TASK DESCRIPTION: Each line below from the one containing "50250 скачать обои" through the one containing "El Dacia Duster" should be output exactly as it stands, and no other line should appear.

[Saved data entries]
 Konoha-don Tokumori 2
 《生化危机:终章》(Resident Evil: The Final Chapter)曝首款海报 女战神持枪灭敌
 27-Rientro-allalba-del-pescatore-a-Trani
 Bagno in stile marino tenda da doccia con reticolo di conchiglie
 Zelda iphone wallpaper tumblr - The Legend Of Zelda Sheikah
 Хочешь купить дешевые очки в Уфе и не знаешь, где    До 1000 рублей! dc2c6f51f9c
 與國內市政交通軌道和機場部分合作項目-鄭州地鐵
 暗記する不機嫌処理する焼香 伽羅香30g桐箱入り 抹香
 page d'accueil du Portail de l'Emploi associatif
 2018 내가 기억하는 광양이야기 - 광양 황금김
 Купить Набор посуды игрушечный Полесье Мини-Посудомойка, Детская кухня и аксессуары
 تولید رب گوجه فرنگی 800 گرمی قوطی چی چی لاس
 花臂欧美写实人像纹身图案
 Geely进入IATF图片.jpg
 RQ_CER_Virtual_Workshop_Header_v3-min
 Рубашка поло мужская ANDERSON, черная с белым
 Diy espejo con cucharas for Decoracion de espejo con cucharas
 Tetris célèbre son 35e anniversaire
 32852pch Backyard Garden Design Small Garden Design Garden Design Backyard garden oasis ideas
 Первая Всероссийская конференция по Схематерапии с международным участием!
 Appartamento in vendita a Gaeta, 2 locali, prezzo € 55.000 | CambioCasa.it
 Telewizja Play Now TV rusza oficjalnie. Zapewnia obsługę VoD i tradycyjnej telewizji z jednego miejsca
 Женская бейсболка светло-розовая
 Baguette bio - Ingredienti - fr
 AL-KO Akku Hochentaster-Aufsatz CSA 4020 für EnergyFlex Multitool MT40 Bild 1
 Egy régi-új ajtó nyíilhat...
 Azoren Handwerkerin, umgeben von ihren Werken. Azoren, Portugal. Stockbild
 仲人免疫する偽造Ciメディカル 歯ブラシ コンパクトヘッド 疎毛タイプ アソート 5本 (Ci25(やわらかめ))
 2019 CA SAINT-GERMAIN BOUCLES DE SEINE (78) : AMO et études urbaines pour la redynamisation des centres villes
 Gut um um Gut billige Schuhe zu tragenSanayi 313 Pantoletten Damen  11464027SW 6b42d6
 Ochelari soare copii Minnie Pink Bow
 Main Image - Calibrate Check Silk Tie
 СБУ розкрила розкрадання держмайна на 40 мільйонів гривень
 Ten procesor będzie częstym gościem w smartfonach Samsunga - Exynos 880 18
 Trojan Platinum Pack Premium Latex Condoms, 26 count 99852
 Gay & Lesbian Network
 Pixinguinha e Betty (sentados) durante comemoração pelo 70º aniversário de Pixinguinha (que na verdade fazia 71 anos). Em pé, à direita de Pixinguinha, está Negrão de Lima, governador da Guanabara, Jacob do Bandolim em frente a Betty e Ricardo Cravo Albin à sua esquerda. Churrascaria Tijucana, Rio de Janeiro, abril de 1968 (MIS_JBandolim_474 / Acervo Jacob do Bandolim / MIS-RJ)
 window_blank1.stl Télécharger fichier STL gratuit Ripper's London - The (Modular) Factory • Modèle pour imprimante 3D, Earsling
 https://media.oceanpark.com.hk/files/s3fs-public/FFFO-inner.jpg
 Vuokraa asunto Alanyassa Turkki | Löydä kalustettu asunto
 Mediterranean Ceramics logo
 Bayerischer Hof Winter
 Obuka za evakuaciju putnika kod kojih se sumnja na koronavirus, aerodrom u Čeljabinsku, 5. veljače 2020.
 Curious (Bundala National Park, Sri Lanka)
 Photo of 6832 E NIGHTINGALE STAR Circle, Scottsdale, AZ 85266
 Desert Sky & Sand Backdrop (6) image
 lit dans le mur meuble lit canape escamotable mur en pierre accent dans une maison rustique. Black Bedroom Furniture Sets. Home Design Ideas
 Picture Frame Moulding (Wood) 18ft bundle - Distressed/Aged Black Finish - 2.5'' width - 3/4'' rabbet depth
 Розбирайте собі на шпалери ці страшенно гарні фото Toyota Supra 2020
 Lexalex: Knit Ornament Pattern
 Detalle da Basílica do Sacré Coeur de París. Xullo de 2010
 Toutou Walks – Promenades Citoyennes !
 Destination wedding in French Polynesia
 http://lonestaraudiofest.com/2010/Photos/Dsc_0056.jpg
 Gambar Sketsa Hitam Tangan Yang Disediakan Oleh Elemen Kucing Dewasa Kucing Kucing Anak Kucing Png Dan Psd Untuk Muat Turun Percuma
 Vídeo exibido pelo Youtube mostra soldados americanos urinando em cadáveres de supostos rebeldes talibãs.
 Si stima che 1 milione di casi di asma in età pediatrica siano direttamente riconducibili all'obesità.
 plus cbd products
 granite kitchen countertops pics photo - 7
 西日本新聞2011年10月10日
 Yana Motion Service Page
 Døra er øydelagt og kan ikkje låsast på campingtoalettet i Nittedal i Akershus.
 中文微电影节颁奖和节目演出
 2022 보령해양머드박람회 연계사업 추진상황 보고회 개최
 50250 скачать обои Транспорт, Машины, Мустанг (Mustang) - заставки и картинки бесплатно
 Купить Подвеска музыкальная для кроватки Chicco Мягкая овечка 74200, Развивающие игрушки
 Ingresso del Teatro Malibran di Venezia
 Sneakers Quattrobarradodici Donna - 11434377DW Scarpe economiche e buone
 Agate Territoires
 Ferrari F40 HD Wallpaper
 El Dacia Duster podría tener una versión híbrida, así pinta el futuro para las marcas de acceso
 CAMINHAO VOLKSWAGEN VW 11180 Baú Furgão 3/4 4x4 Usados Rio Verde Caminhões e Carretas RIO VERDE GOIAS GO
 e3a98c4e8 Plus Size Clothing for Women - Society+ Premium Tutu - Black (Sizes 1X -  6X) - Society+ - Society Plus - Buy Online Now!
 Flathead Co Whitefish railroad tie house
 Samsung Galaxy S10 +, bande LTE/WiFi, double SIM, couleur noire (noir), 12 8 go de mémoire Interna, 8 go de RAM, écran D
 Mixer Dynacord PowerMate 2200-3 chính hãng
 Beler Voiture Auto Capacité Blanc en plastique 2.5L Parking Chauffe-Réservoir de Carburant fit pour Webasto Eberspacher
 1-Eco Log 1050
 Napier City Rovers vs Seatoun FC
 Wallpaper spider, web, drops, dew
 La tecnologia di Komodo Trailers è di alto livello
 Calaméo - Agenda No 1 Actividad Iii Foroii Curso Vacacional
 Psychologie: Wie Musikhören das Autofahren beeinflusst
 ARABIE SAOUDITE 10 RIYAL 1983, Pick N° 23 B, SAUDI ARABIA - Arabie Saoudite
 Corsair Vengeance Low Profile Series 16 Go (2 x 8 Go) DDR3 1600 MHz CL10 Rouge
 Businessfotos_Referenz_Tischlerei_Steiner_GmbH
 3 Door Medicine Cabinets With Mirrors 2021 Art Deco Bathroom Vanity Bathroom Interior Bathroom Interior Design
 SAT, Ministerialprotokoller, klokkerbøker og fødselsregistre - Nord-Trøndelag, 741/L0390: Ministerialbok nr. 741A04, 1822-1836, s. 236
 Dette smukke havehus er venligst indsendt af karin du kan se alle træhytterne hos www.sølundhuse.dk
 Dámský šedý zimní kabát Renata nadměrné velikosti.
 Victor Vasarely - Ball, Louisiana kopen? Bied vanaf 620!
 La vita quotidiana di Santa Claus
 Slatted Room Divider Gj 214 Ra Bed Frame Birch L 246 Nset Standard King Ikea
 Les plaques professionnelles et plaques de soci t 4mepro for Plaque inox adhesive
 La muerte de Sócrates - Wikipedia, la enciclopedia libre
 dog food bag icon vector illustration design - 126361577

RESULT:
 50250 скачать обои Транспорт, Машины, Мустанг (Mustang) - заставки и картинки бесплатно
 Купить Подвеска музыкальная для кроватки Chicco Мягкая овечка 74200, Развивающие игрушки
 Ingresso del Teatro Malibran di Venezia
 Sneakers Quattrobarradodici Donna - 11434377DW Scarpe economiche e buone
 Agate Territoires
 Ferrari F40 HD Wallpaper
 El Dacia Duster podría tener una versión híbrida, así pinta el futuro para las marcas de acceso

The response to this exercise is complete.